On 24 December 2018, Collins took part in a one-off celebrity special of All Together Now. Collins first performed "Big Spender" by Shirley Bassey where she received a score of 88 after impressing the judges with her vocal ability, which secured her a place in the top 3. She then sang "This Is Me" by Keala Settle and The Greatest Showman ensemble and subsequently finished in third place with a score of 39. 

In 2019, Collins took part in the eleventh series of Dancing on Ice, alongside professional partner Matt Evers. While competing in the series, Collins had an on-screen argument with judge Jason Gardiner, who made comments about her weight and lack of commitment to the series. In week four, Collins suffered a fall during a live performance. She fell on her face, nearly breaking her jaw and neck, and injured her knee significantly. Despite the fall, the couple received their highest scores of the competition and subsequently progressed to the next week. In week six, they became the fifth couple to be eliminated, following a skate-off against Ryan Sidebottom and his professional partner Brandee Malto.

In April 2019, Collins began filming for her own reality series, Gemma Collins: Diva Forever. The series premiered on 7 August 2019 on ITVBe. The pilot episode premiered to a total of 673,038 viewers, and was the most watched episode on ITVBe in that week. Diva Forever was subsequently renewed by ITV for a second series, but due to the COVID-19 pandemic, production was suspended. As a result, Collins filmed a new reality series, Gemma Collins: Diva on Lockdown, from her home in Brentwood. In August 2019, Collins began hosting a podcast on BBC Sounds, titled The Gemma Collins Podcast.

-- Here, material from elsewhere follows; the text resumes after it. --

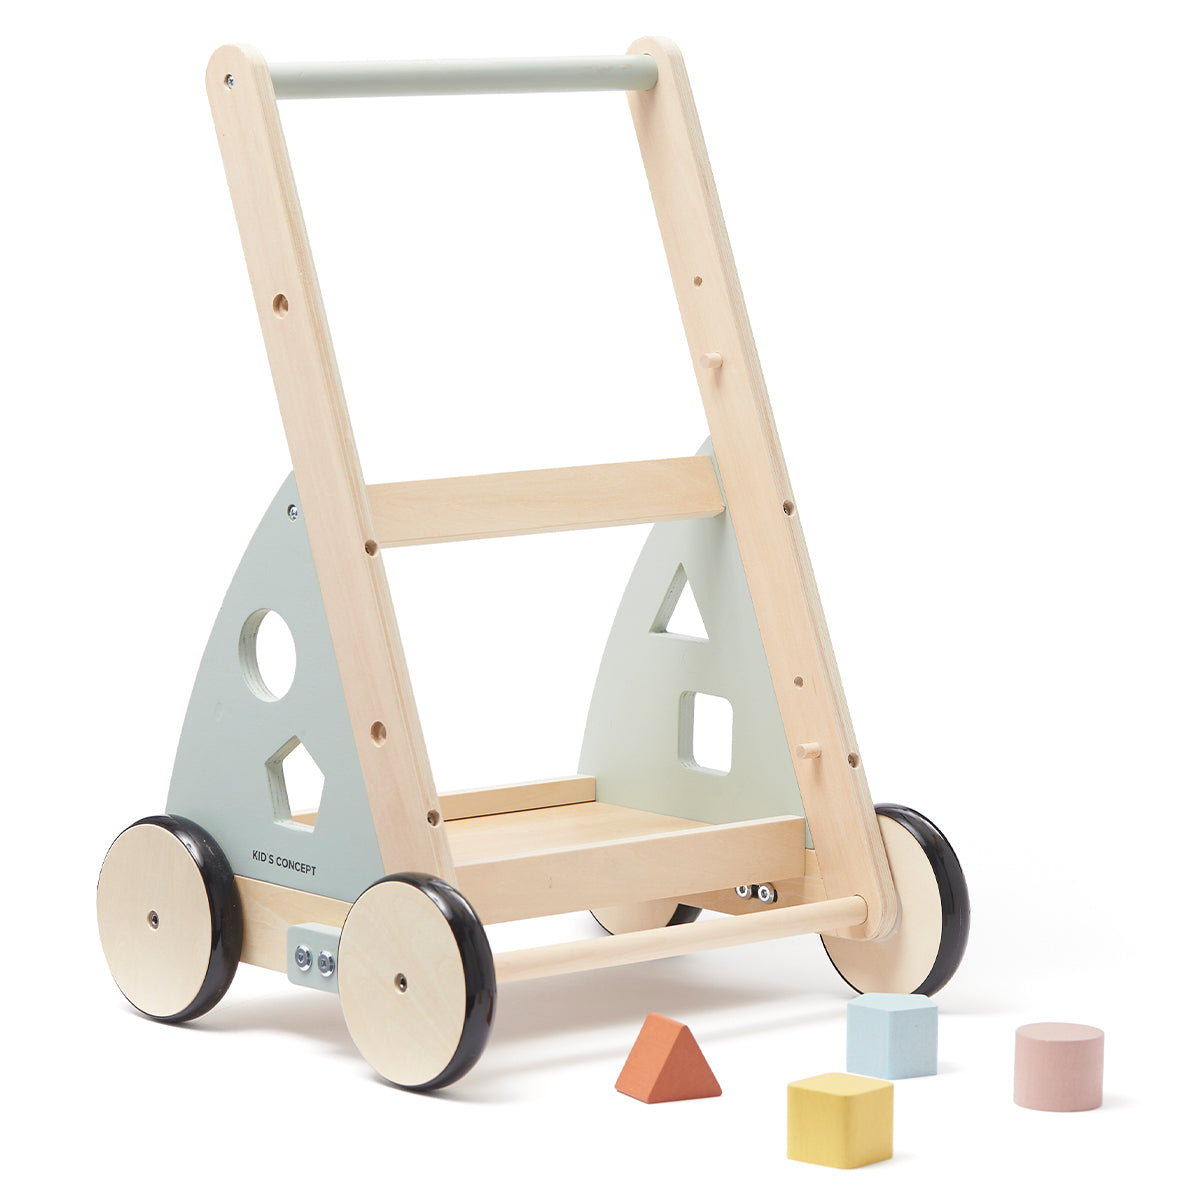 De Kid's Concept activiteiten loopwagen edvin is perfect voor wanneer jouw kleintje de eerste stapjes zet. Ook in de maanden daarvoor en daarna zorgt de loopwagen voor uren speelplezier. VanZus.

In August 2020, Collins began hosting a second podcast on BBC Sounds entitled The Gemma Collins Love Lounge. In October 2020, Gemma Collins: Diva Forever & Ever premiered on ITVBe.

On 11 December 2020, Collins released a charity single, a cover of "Baby, It's Cold Outside" alongside her Celebrity Big Brother co-star Darren Day, with proceeds from the single going towards Rethink Mental Illness. The music video was released at the end of Gemma Collins: Diva for Xmas, which aired on 9 December 2020. In February 2021, Collins appeared on Piers Morgan's Life Stories, where she discussed her early life, career, relationships, and miscarriages, as well as her struggles with her weight and online trolling. Collins also appeared as a special guest on the second series of RuPaul's Drag Race UK to judge the Snatch Game segment of the show.

In December 2021, Collins appeared on the Christmas Special episode of The Weakest Link. She was voted off in the second round after incorrectly answering a question about the number of beds in a twin room. Collins also returned to Celebrity MasterChef to compete in the Christmas Cook-Off episode, along with other former contestants Joe Swash, Les Dennis, Mica Paris and Rev. Richard Coles. Collins first cooked a sticky figgy pudding in which she mistook cranberries for chillies, but was praised for her second dishes of smoked mackerel pâté and festive gnocchi. She did not win the episode, however judge Gregg Wallace described her mushroom, chestnut and brandy sauce as "magnificent".

2022–present: Self-Harm & Me, The GC's Big Night Out and Chicago

In February 2022, Collins fronted a documentary on Channel 4 titled Gemma Collins: Self-Harm & Me. The documentary followed Collins as she opened up for the first time about her personal relationship with self-harm and saw her speak to experts as they investigated what was behind the rise in cases of self-harm in the United Kingdom. It received positive reviews and Collins was accredited for raising the subject of self-harm and for showing audiences a different side to her. It was subsequently nominated within the Authored Documentary category at the 27th National Television Awards. Collins said she was "blown away" by the nomination, reflecting that "it was the scariest thing to be so honest with [herself], however the response [she] got from the show was totally overwhelming.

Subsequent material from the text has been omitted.